The actions are the latest in more than two weeks of protests against the collection of taxes on natural gas production by the Bolivian state, which is trying to raise funds to provide all Bolivians over 60 a pension.

Santa Cruz province is one of five provinces opposing left-wing populist President Evo Morales, with ongoing attempts at referendums that would make them more autonomous and give them more control over energy revenues. The number represents more than half of Bolivia's nine provinces.

On Tuesday, demonstrators cut off gas exports to Brazil. Supporters of the pro-autonomy movement in Santa Cruz - some 900 kilometres east of La Paz - chased away police officers and soldiers who were watching over the tax authority building.

Government Chief of Staff Alfredo Rada described events as 'the start of a civilian coup d'état against democracy'.

The commander of the Eighth Division, General Marco Bracamonte, said soldiers will use real weapons from now on, to command more respect after being physically-attacked.

'We only look after the things that belong to the Bolivian state. We are not protecting any given politician,' he stressed.

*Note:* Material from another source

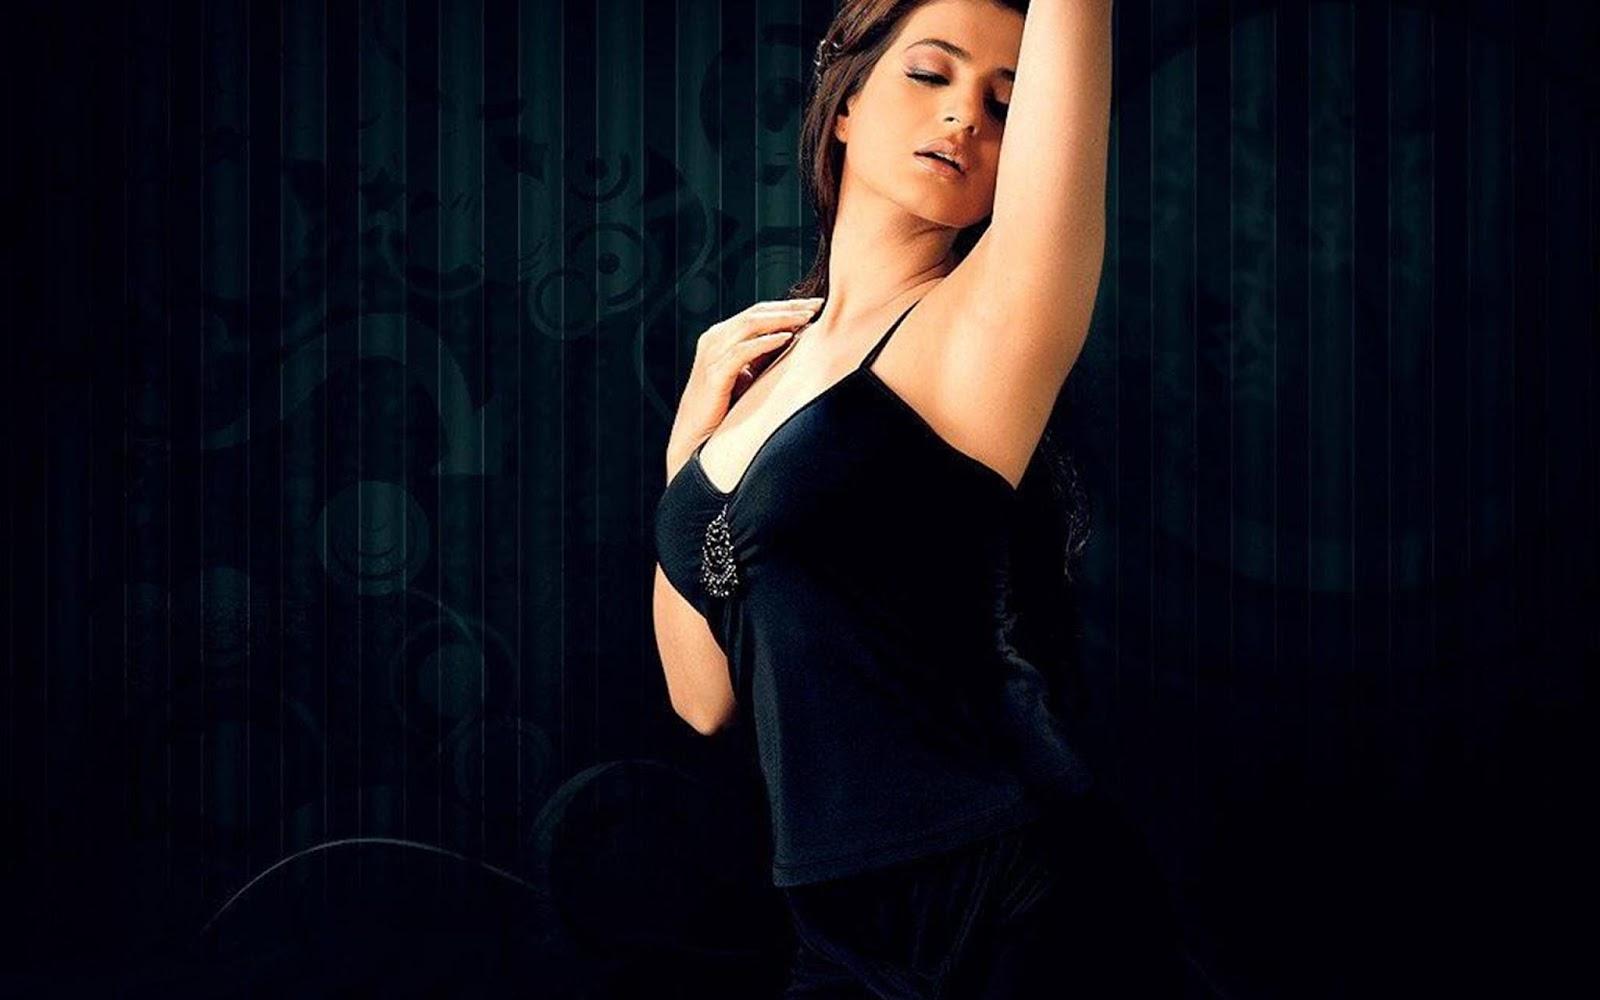 Amisha Patel Hot Wallpapers  Bikini Pics - Hd Images 1080P-4076

On Wednesday, protestors looted the telephone company ENTEL, Bolivian television said. Mobile phone and Internet services were cut off, and contact between Santa Cruz and the rest of Bolivia was very difficult.

The regional facilities of the TV network Television Boliviana in Santa Cruz were also looted. Their filming and editing equipment was burned, and vandals set fire to a vehicle.

'Nothing else here is any use, and they took computers, mobile phones, armchairs. And whatever they could not take away they ended up burning in the street,' a reporter for the television network ATB said.

In a separate development, militants of the Union Juvenil Crucenista, a radical right-wing government opposition group, burned a bridge in the Pailon area, linking the villages of San Julian and Cuatro Canadas. The area is populated mostly by migrants from western Bolivia, who generally back Morales.

Supporters of Morales are demanding a tougher stance from the central state against violent groups in opposition-controlled provinces.

In August, Morales survived a recall referendum with some 67 per cent of the votes in favour of him staying.

He had requested the vote in a bid to consolidate his power after a series of recall referenda pitting him against the country's wealthy provinces over regional autonomy.

The Bolivian opposition has turned the pro-autonomy movement in several of the country's regions into a tool to attack the government, which has sought a redistribution of the country's resources to improve the lot of the impoverished indigenous majority.

Morales was elected in late 2005 to become Bolivia's first Indio president.

During a five-year mandate that is set to expire in 2011, he has pushed through a new constitution and enacted a series of socialist reforms to aid the poor native population in the mountainous west.

Since the beginning of the year, citizens in four provinces have approved referenda, by large margins, for greater autonomy from the national government, which would grant them control over key natural resources, including natural gas.

Morales declared each vote unconstitutional and void, but was unable to stop them from being held.

Bolivia has a population of 10 million. Around 60 per cent live in poverty, most of them Indios.